A new volleyball center at the University of Southern Mississippi was built thanks to the help of Phil Bryant, who was the former governor of Mississippi and a fan of the Packers. There is a time and a place for this.

11:09 PM ET

According to a report by Mississippi Today, former Mississippi Gov. Phil Bryant helped a former football player get welfare funds to build a volleyball center.

The text messages were reviewed by the news organization to see if they were related to the lawsuit. Nancy New has already been sentenced to 13 years in prison for her role in the welfare scheme. The Mississippi Community Education Center was created to spend tens of millions of federal welfare funds to help the state.

The largest case of public fraud in Mississippi's history was found by state auditors.

At least $5 million in welfare funds should be diverted to build a volleyball stadium at Southern Miss according to text messages. Some of the text messages were sent when his daughter was a volleyball player at Southern Miss.

The media can find out where the money came from if you pay me. The man asked new things in 2017:

She circled back to him the next day after she told him that she never had that information publicized.

Just got off the phone with Phil. We are on board with him. We will complete this task! The new told the old one.

Bryant asked New if they could help him with his project after finishing his meeting with Favre.

The attorney for the former quarterback denied that he received welfare funds.

"He has been honorable throughout this whole thing."

In 2020, he told the outlet that he had not talked to Bryant about the volleyball stadium.

Bryant, who left office in January 2020, has long denied helping direct welfare funds to the stadium project, and he did not address the texts in a statement to Mississippi Today.

The volleyball stadium is not part of the lawsuit. The two men have not been charged with a crime.

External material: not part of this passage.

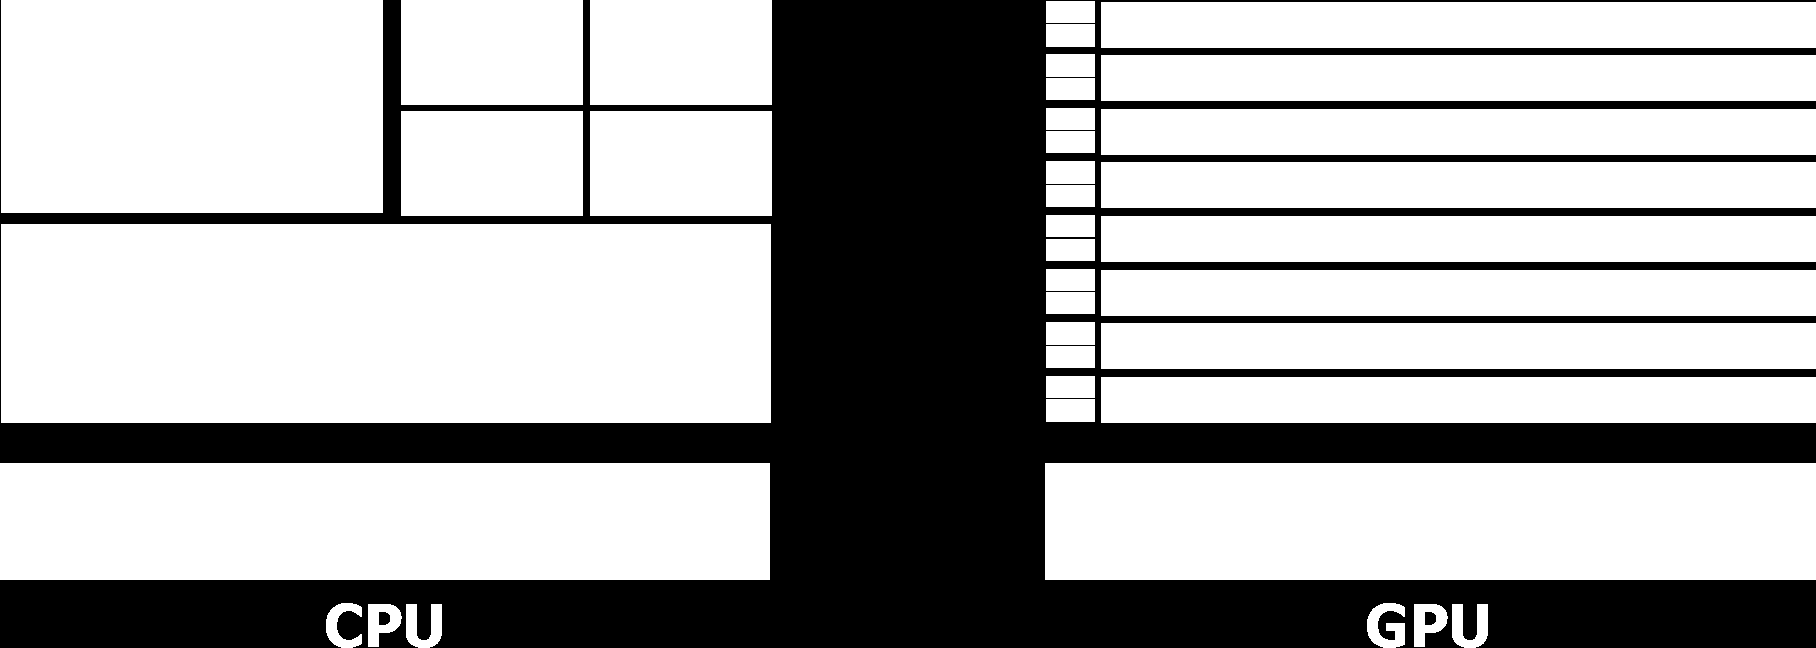 Abbildung 1: Vergleich Architektur CPU und GPU [NV11] eine CPU nur einen Kern. Die Leistung des Hauptprozessors wurde in erster Linie durch Takterhöhungen gesteigert.

He paid $600,000 back to the state of Mississippi, an amount he had been paid for speeches he didn't give. In order to promote a state poverty-fighting initiative, Favre was commissioned in the last two years. The state auditor's office said that he initially gave back half a million dollars, but later asked him to repay the rest.

In May of this year, the Mississippi Department of Human Services filed a civil lawsuit against the quarterback because he had not paid back interest on the money.

Text messages obtained by Mississippi Today show that the $1.1 million deal with the state was used to fund the volleyball stadium.

The report was contributed to by the news agency.